# Rigging a new service truck



## Yellowchevelle (Nov 9, 2015)

I'm tired of having pickup problems. My current setup is a half ton 4x4 with 100 gal diesel tank, air compressor, toolbox and so much other stuff you can barley get another person in the cab. So I have decided to try a single axle truck. I should be able to add another 100gal fuel tank and get everything in tool boxes while still having bed space left. Also I will have the added benifit of having hydraulic outlets on the truck. Here are some beginning pics.


----------



## Vol (Jul 5, 2009)

That should do it! That is a great looking bed to be added.

Regards, Mike


----------



## bluefarmer (Oct 10, 2010)

Air brakes?!


----------



## Yellowchevelle (Nov 9, 2015)

Yes air brakes and we will also have to build one more tool box, add a gooseneck ball, build a headache rack and rear hitch


----------



## luke strawwalker (Jul 31, 2014)

How's DOT/troopers feel about hauling around that much diesel??

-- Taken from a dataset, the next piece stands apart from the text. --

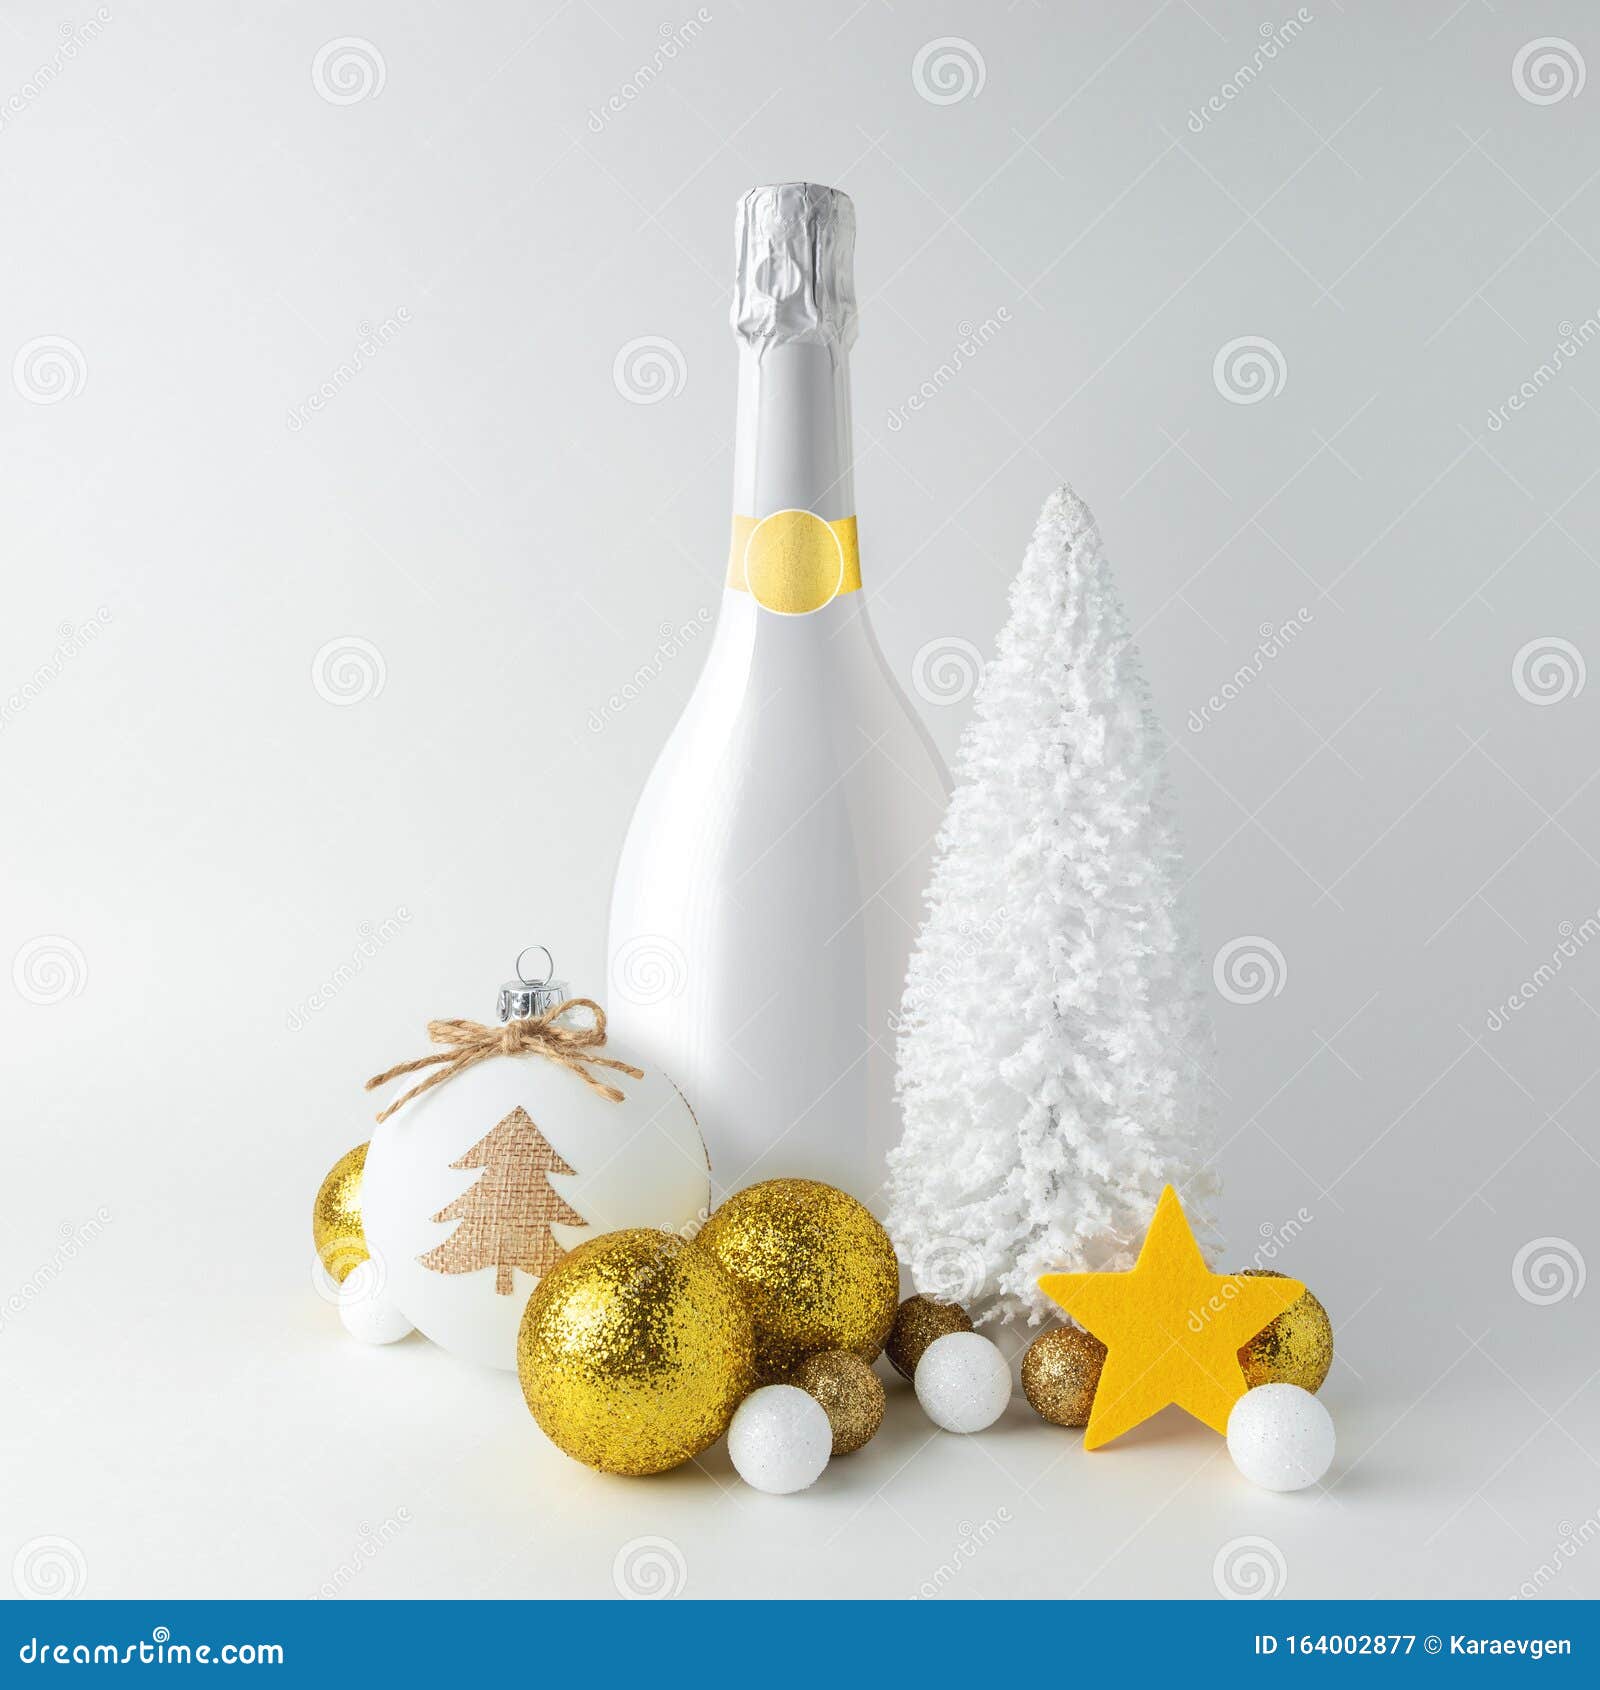 Decoration nouvel an champagne blanche et or

Don't want to find out the hard way!

Good luck-- love the antenna pole dancer...

Later! OL J R


----------



## pede58 (Oct 27, 2015)

It will very from state to state but generally no more then 100gals is allowed in the bed, now you could add saddle tanks and be ok, yeah I know stupid but that's the law, that's why most of the new bed tanks are rated at 90gal or less. My must have toy for a new service truck is a Miller 302 welder/generator/compressor, can weld and run the generator at the same time, thinkin it's 14000wats, and the compressor is rotary screw, enough to run the most aggressive air tools, just hard to justify the 25000grand+.


----------



## Yellowchevelle (Nov 9, 2015)

That's a good point on the fuel tanks I will check into that. One tank will be diesel and the other tank gas. I will rarely be on a state highway. If I need to haul a load of hay somewhere I can remove the tanks easily also. A welder generator would be nice but that's not going to happen right now, I'll just have to still drag stuff to the shop.


----------



## azmike (Jan 4, 2015)

Great looking set-up! We can't burn red fuel in the truck but carry it for the equipment, be careful for checks!


----------



## Yellowchevelle (Nov 9, 2015)

We don't burn red in any of our trucks just in the equipment. I sure hope this will be better than my 2500 dodge to pull a trailer with. It proably won't get close to the mileage the cummins gets but I should be able to stop if I have to in a hurry. The trailer won't squish this trucks suspension ether. Another big complaint I have about the dodge is it is extremely hard on tires. I hope loosing a little fuel mileage with this truck will be offset by not having to buy tires, brakes, suspension parts and fixing other dodge problem. The old 12 valve cummins is great the dodge I'm not very happy with.


----------



## panhandle9400 (Jan 17, 2010)

luke strawwalker said:


> How's DOT/troopers feel about hauling around that much diesel??
> 
> Don't want to find out the hard way!
> 
> ...


We haul around 1000 gallon trailer, 650 and a 560 . No placards on anything just a slow moving vehicle emblem on the back . I have had them in the 5 state area without any issues. I do not carry diesel in my service truck but it pulls a fuel trailer at times going to job locations. It seems like they have laxed on that hauling fuel ? US custom harvesters have been fighting that for years .


----------



## glasswrongsize (Sep 15, 2015)

http://www.nrcs.usda.gov/Internet/FSE_DOCUMENTS/nrcs144p2_043004.pdf

73, Mark


----------